The SNES WRAM (7E:xxxx,7F:xxxx) and PPU/CPU registers at 00:2xxx and 00:4xxx are not visible to the SA-1 CPU.
A smaller fixed-size 2 KB I-RAM (16 kbit) is also provided. The SA-1 includes it own DMA controller that is part of the character conversion logic that can convert bitmap-formatted graphics to the SNES PPU's character format (ie: tiled) graphics.
The SA-1 also incorporates an implementation of the Super MMC memory decoder.
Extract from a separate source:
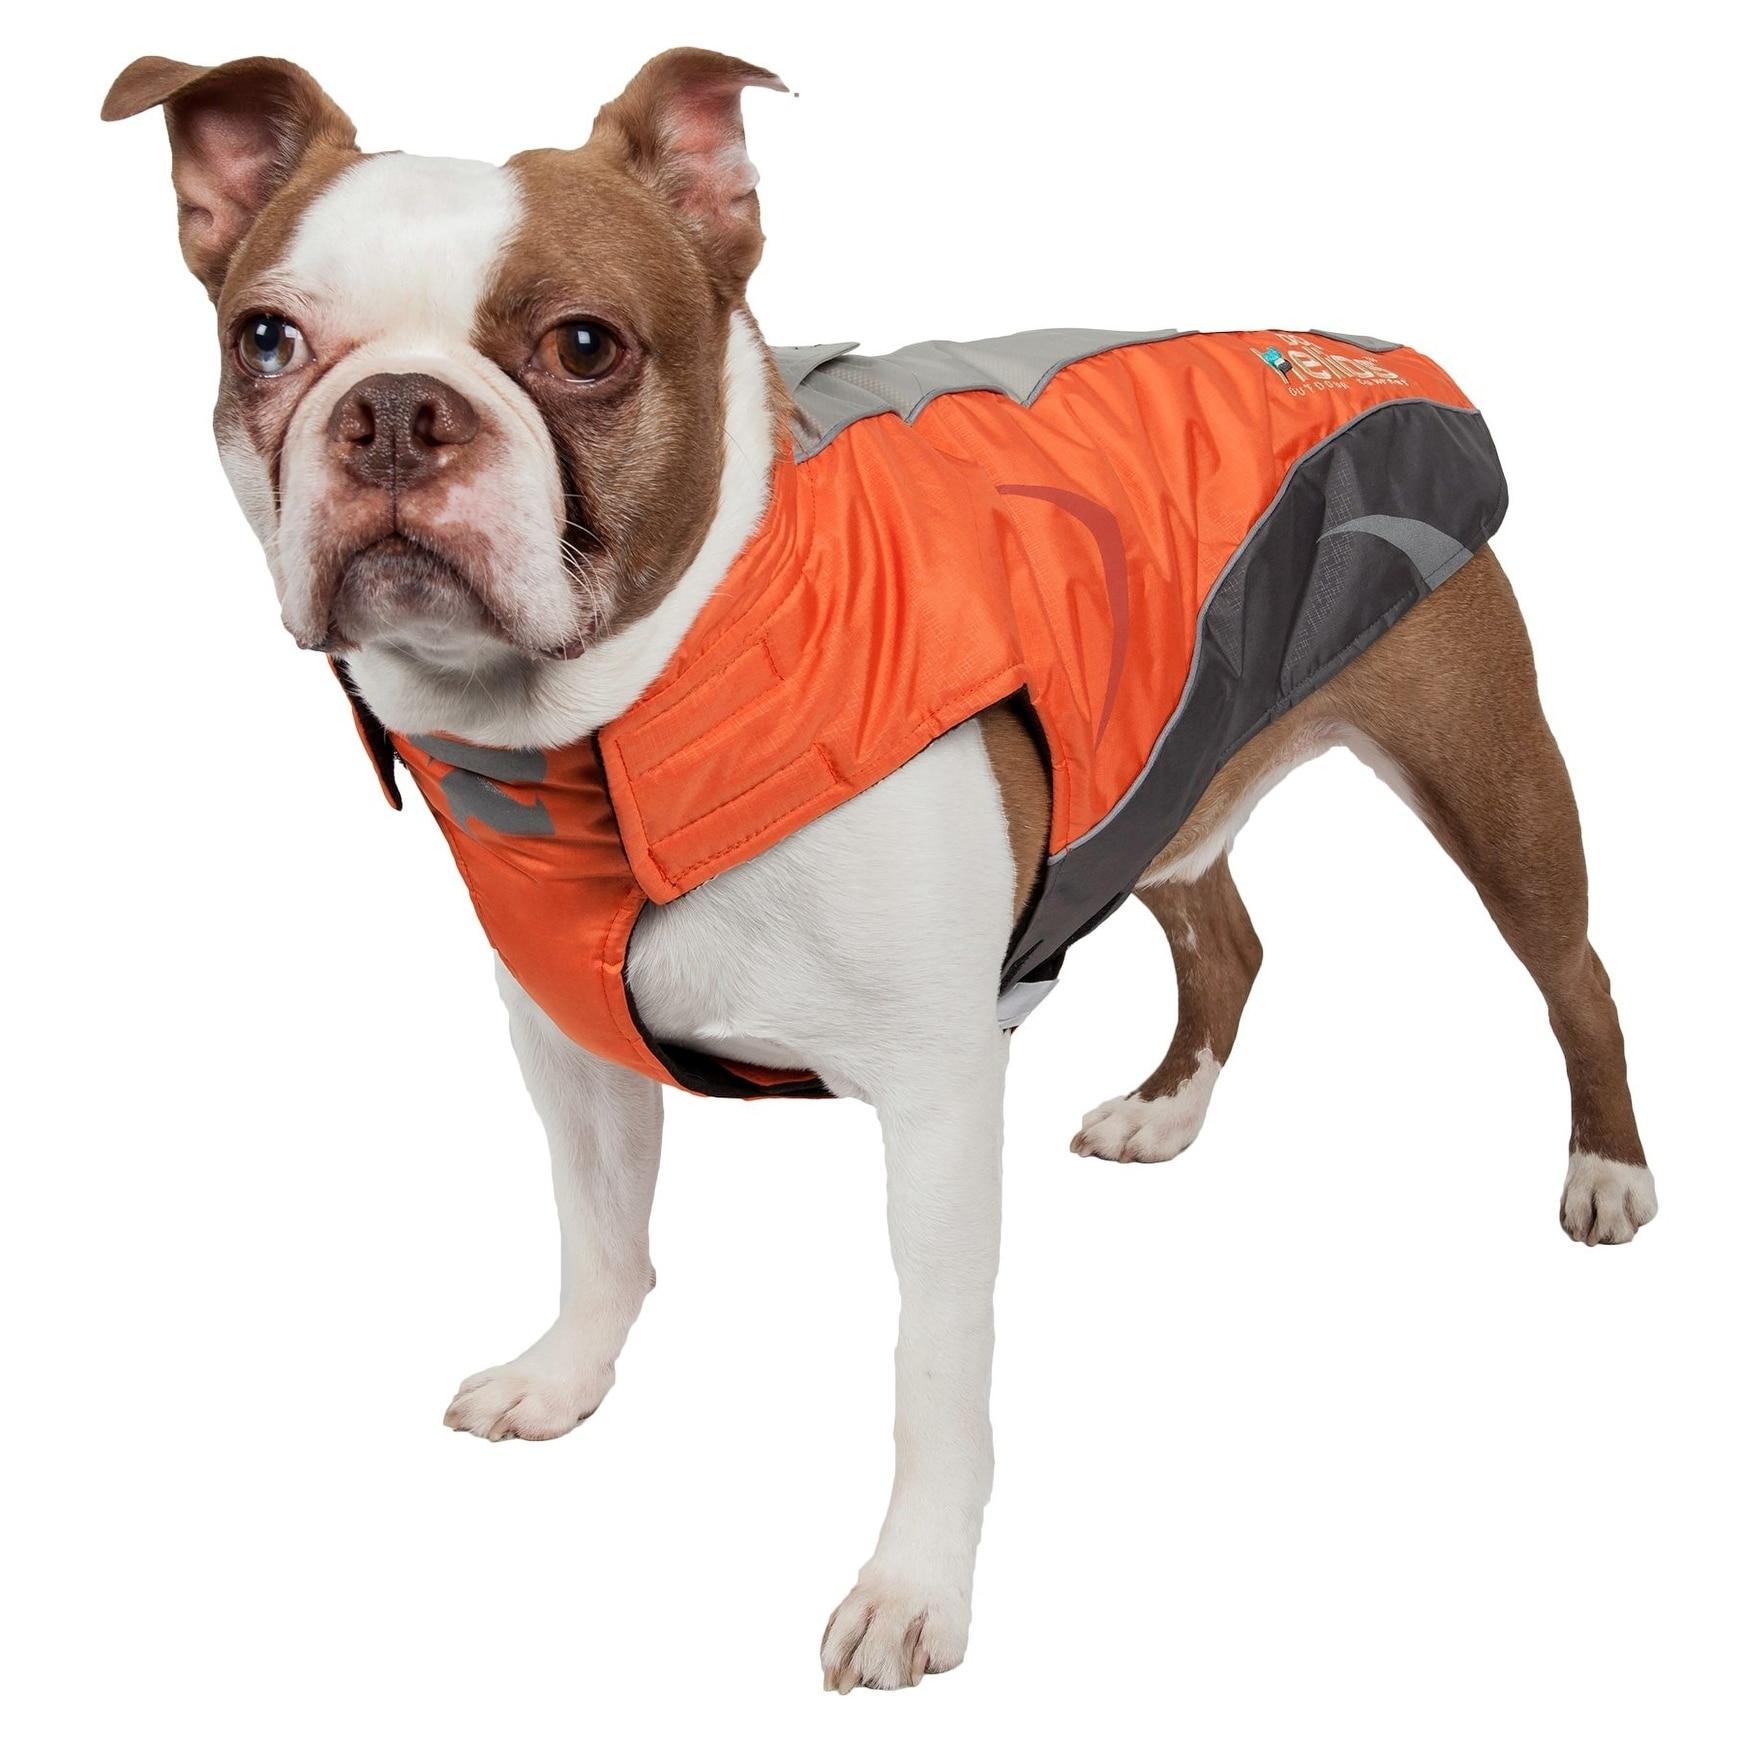 Helios Altitude-mountaineer Wrap Protective Waterproof Do...

The MMC functions provide banking of BW-RAM and ROM pages as well as write protection logic for BW-RAM and I-RAM.
SA-1 ROMS indicate the SA-1 chip's presence by setting the mapping type and cartridge type bytes in the ROM header at ROM offset (without SMC header) 007FD5 and 007FD6 to $23,$34 or $23,$35.
The circuitry accommodates conflicting simultaneous memory accesses by the SNES-CPU into the shared memory regions and allows both CPUs to operate on valid data however, there is a performance penalty for such accesses so such accesses should normally be avoided. The main ones to watch out for are ROM-ROM collisions (have the SNES CPU run code that only operates on RAM locations, WRAM or PPU/CPU registers in BW-RAM locations instead to prevent such collision), BW-RAM/BW-RAM collisions (run the SNES CPU run code in WRAM, I-RAM or ROM and only access WRAM, ROM, registers or I-RAM to avoid) and I-RAM/I-RAM collision (run the SNES CPU code in BW-RAM, ROM or WRAM to avoid).
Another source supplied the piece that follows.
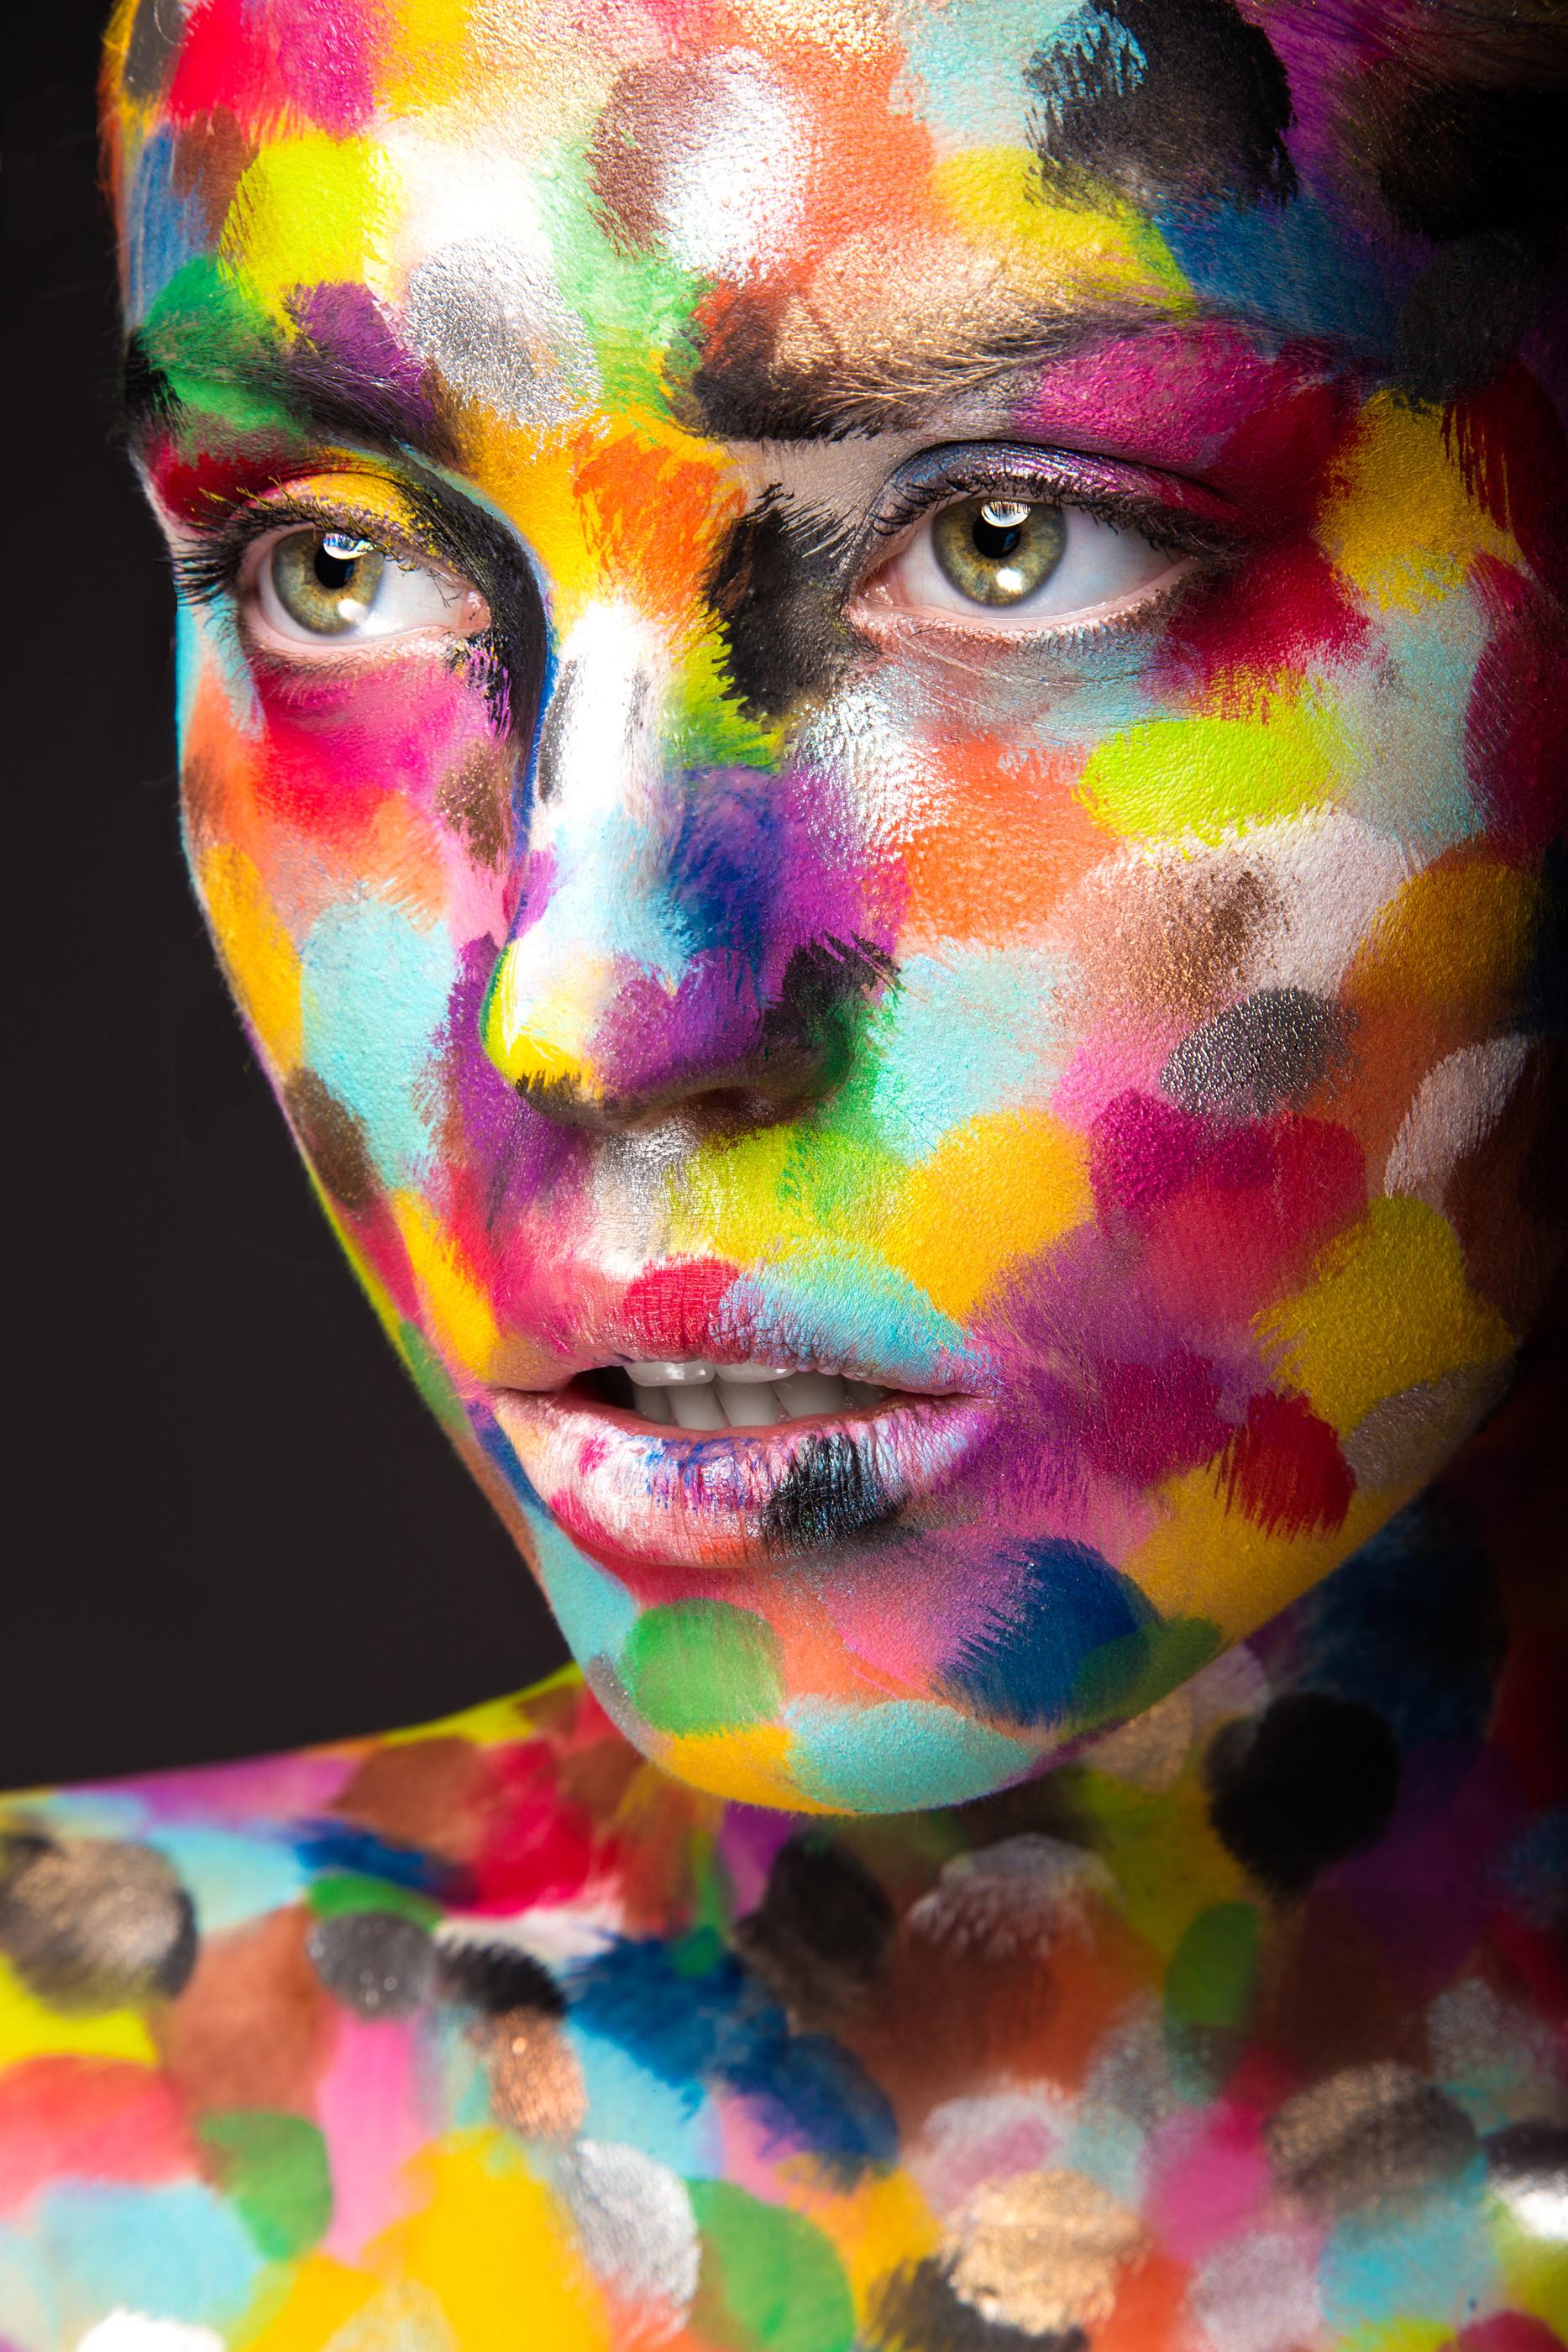 8 Hour Full Body Paint Portraits

The best common denominator from the above that yields the fewest collisions may be to run the SNES-CPU mainly in BW-RAM (use interrupts to implement a crude from of paging) as a sort of script processor (mainly for animations and stuff likely to utilize PPU registers) with the main loop (non-interrupt thread) being a WAI/JMP loop in WRAM that is entered while new code for the SNES CPU to run is being updated by the SA-1. The SA-1 makes this easy because it implements interrupt vector registers in $2205-$2208 and $220C-$220F (that override the ROM interrupt vectors) that allow program-generated interrupts vectored to any bank 0 address on either processor. Whenever such code does an RTI the SNES CPU will return to the loop in WRAM until the next interrupt is encountered. Basically the SNES CPU is following an event-driven execution model.
A small WRAM (it must live in the 8k 00:0000-00:1FFF WRAM region) routine while using interrupt-driven processing may look like:
noint:
LDA $4210
RTI
- WAI
BRA -
The interrupt vectors are set to (00:)noint whenever there is no code currently available for it to run without access collisions. The loop will keep the processor asleep and only accessing WRAM whenever no interrupts occur. This allows the SA-1 full speed ROM, I-RAM and BW-RAM access at a rate 4 times that of the SNES CPU allowing it to do the heavy lifting it was designed for.